Ivo Paparella : Il faut souligner le rôle important de la marine de commerce qui assure des liaisons entre Marseille et Salonique. Il faut aussi remarquer le manque d’efficacité des services de renseignement des Alliés dans la région.

Note complémentaire

Après cette conférence notre confrère C. Huan a bien voulu communiquer à l’Académie quelques précisions tirées de ses propres recherches sur la guerre sous-marine. Au moment de la déclaration de guerre les Autrichiens disposent de six petits sous-marins construits en Allemagne et aux Etats-Unis ; les Italiens ont 12 unités installées à Venise ; les Français expédient une escadrille de 12 sous-marins (en principe) dans les bases de Malte et Antivari.
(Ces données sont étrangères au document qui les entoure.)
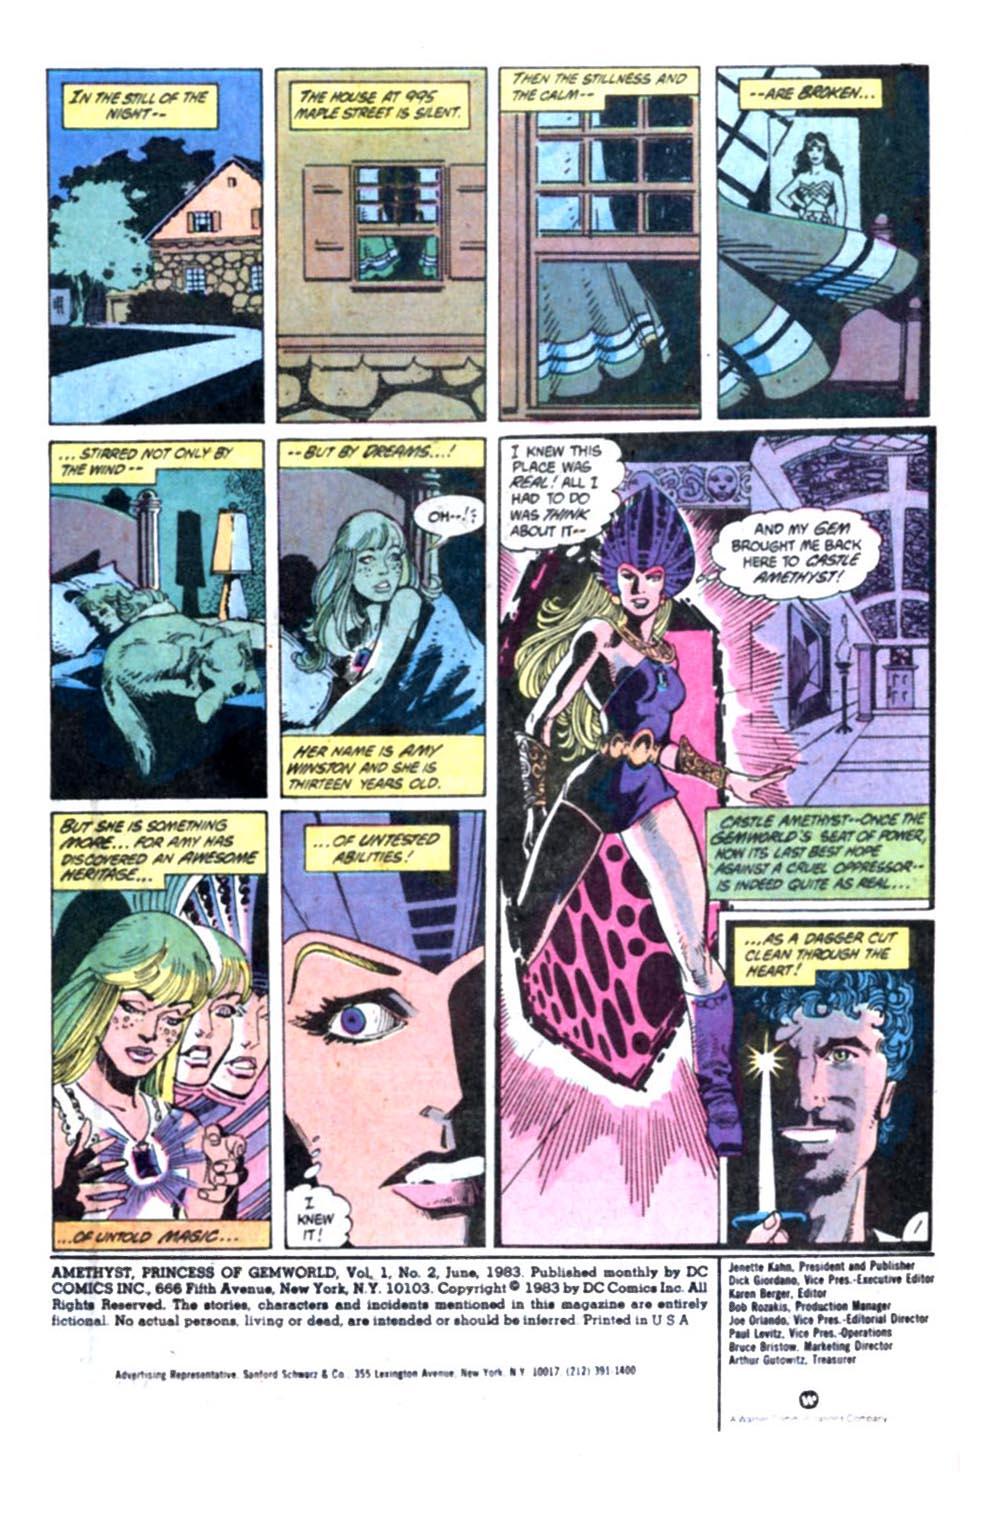 Read online Amethyst, Princess of Gemworld comic -  Issue #2 - 2

A partir de 1915, ces nombres augmentent et les Anglais expédient six sous-marins, les Allemands faisant également accroître leur présence.

D’après les archives allemandes, 776 sous-marins sortirent ou entrèrent en Adriatique ; six furent coulés par des sous-marins alliés, dont un seul par la France.

Au total, dans la guerre sous-marine sur tous les fronts, la France engage 70 sous-marins qui conduisent 4 100 patrouilles de guerre, contre 3 250 par les U-Boote. La France connaît 15 pertes contre 178 U-Boote.